Sudan may not be in the strongest position to defend the sanctity of its diplomatic pouches, having used them to support Al Qaeda, according to a 2012 ruling in favor of the Cole victims by Judge Royce C. Lamberth of the Federal District Court in Washington.

“As early as 1998,” Judge Lamberth wrote, “Sudan provided Al Qaeda members with Sudanese diplomatic passports, diplomatic pouches and regular Sudanese travel documentation that facilitated the movement of Al Qaeda operatives in and out of the country.”

“Diplomatic pouches enjoy diplomatic immunity from search or seizure,” Judge Lamberth wrote. “Al Qaeda agents with these passports and pouches were therefore able to enter and leave Sudan and cross borders in other countries carrying materials to prepare for attacks without arousing suspicion.”
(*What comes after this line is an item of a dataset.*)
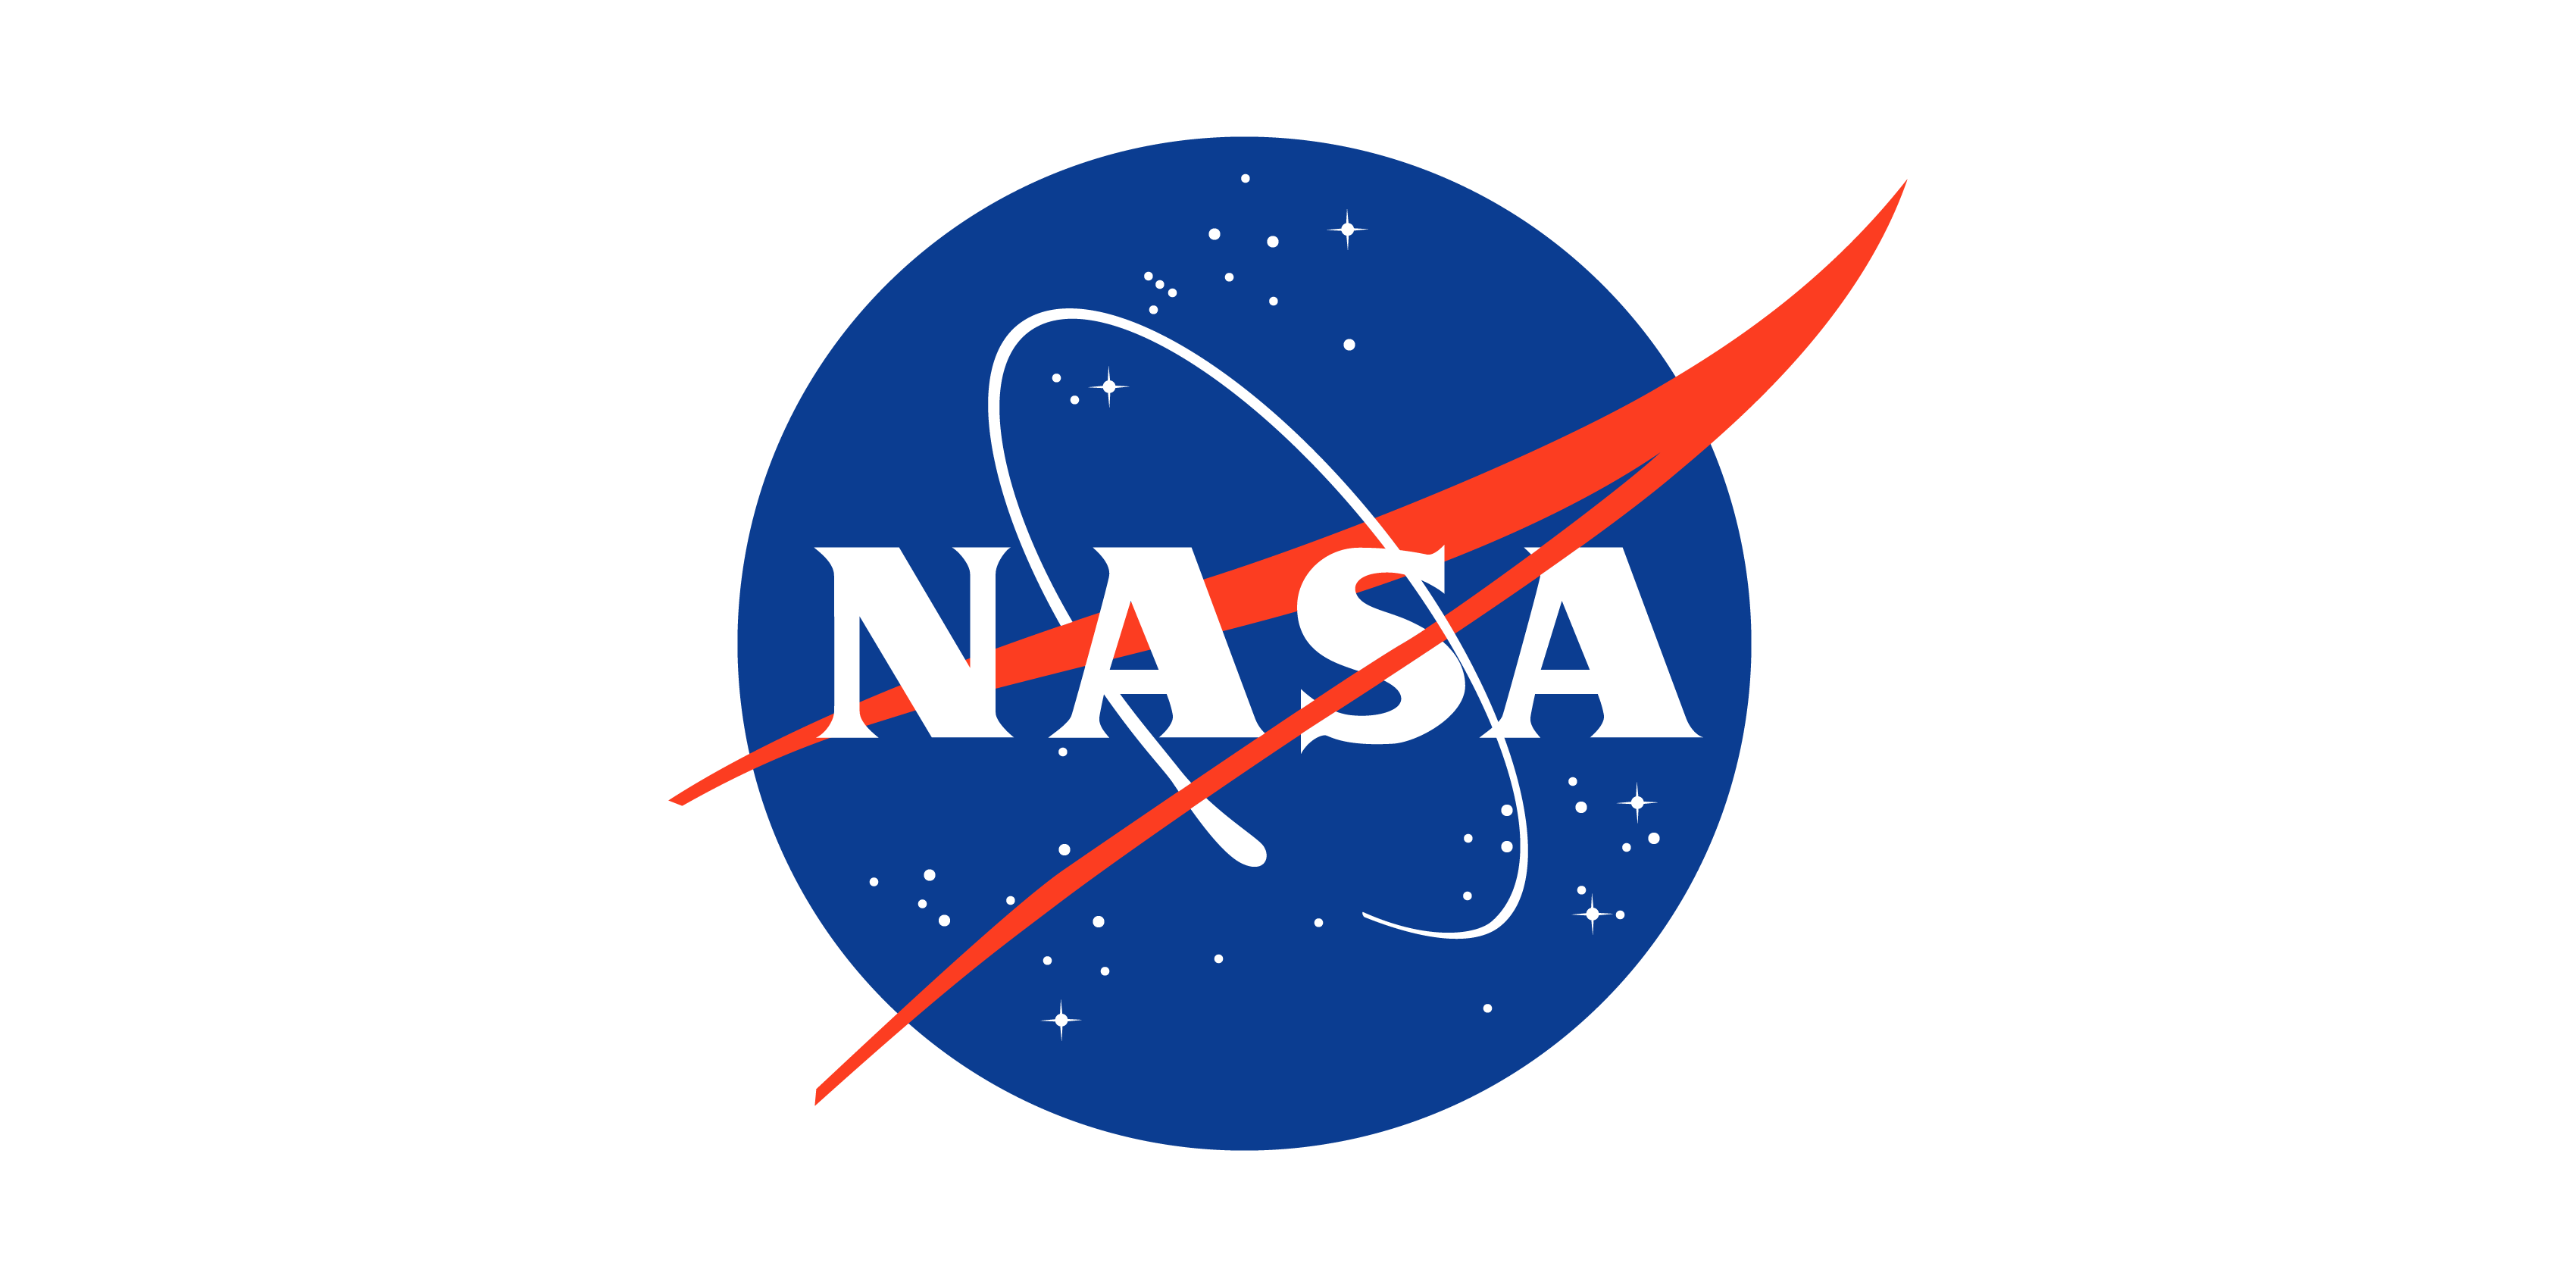 NASAs logo
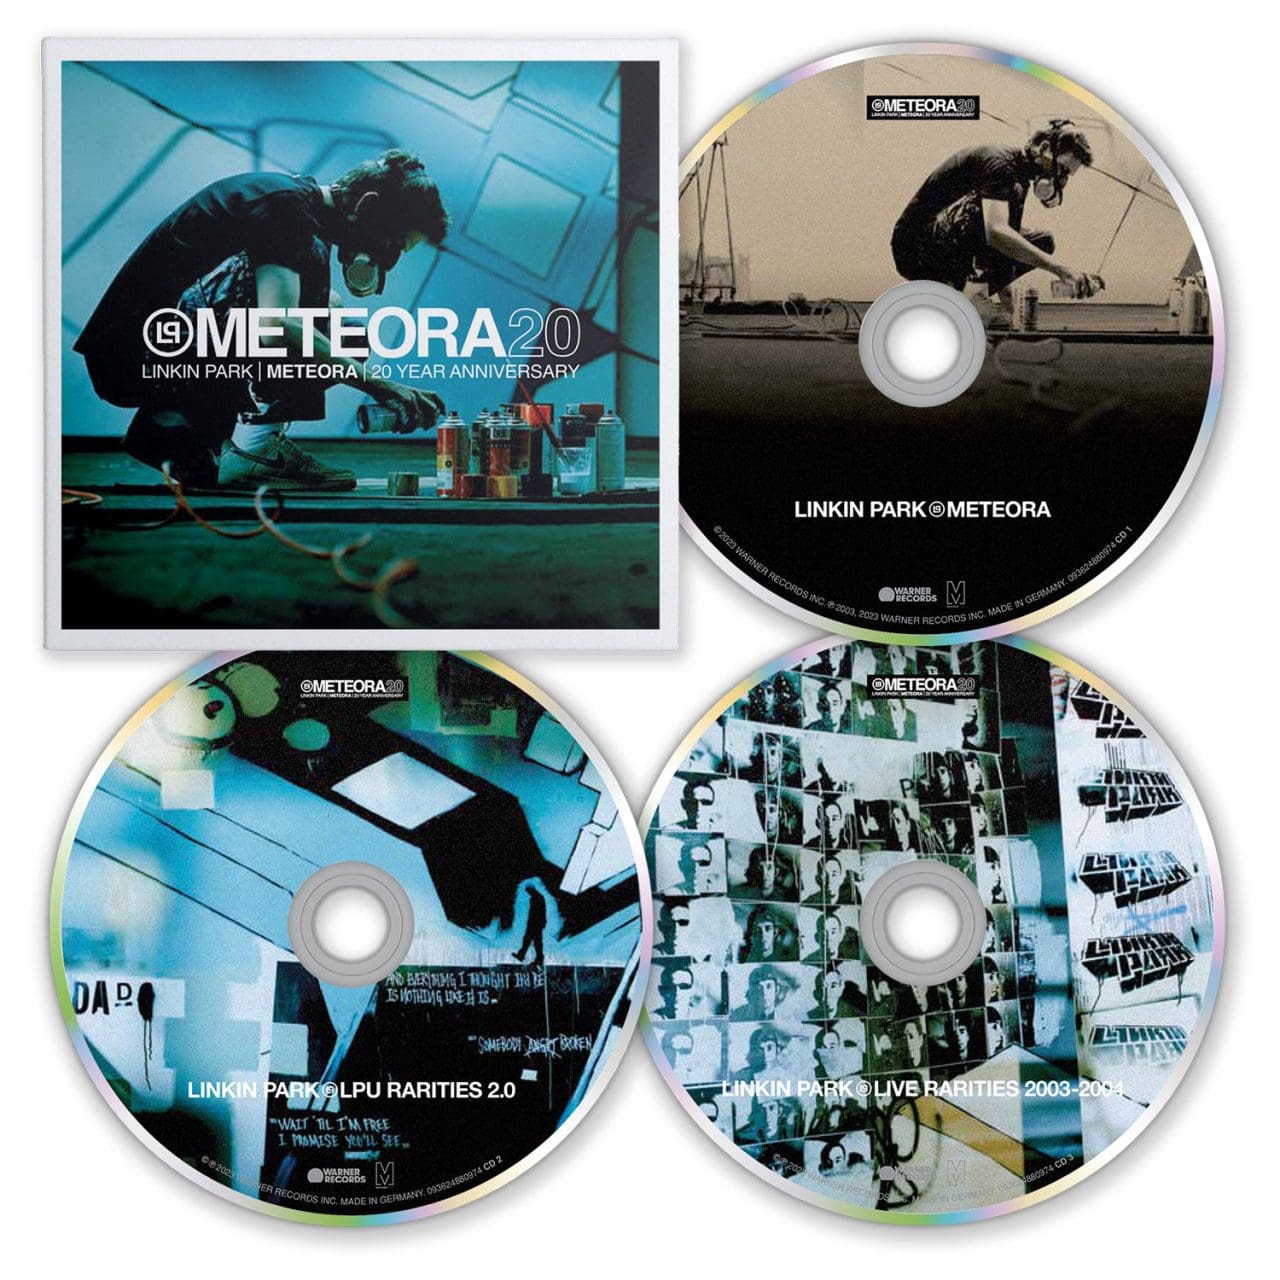 Meteora 20 CDs

The victims of the Cole bombing said they were stunned to find themselves opposed in court by their own government. “It is mind-boggling,” their Supreme Court brief said, “that the government has decided in this case to side with a state sponsor of terrorism and against men and women who are seeking to recover for grievous injuries suffered in the service of our country.”

Sending legal papers to an embassy, the brief added, did not threaten the inviolability of foreign missions. “Mailing,” the brief said, “is not a trespass.”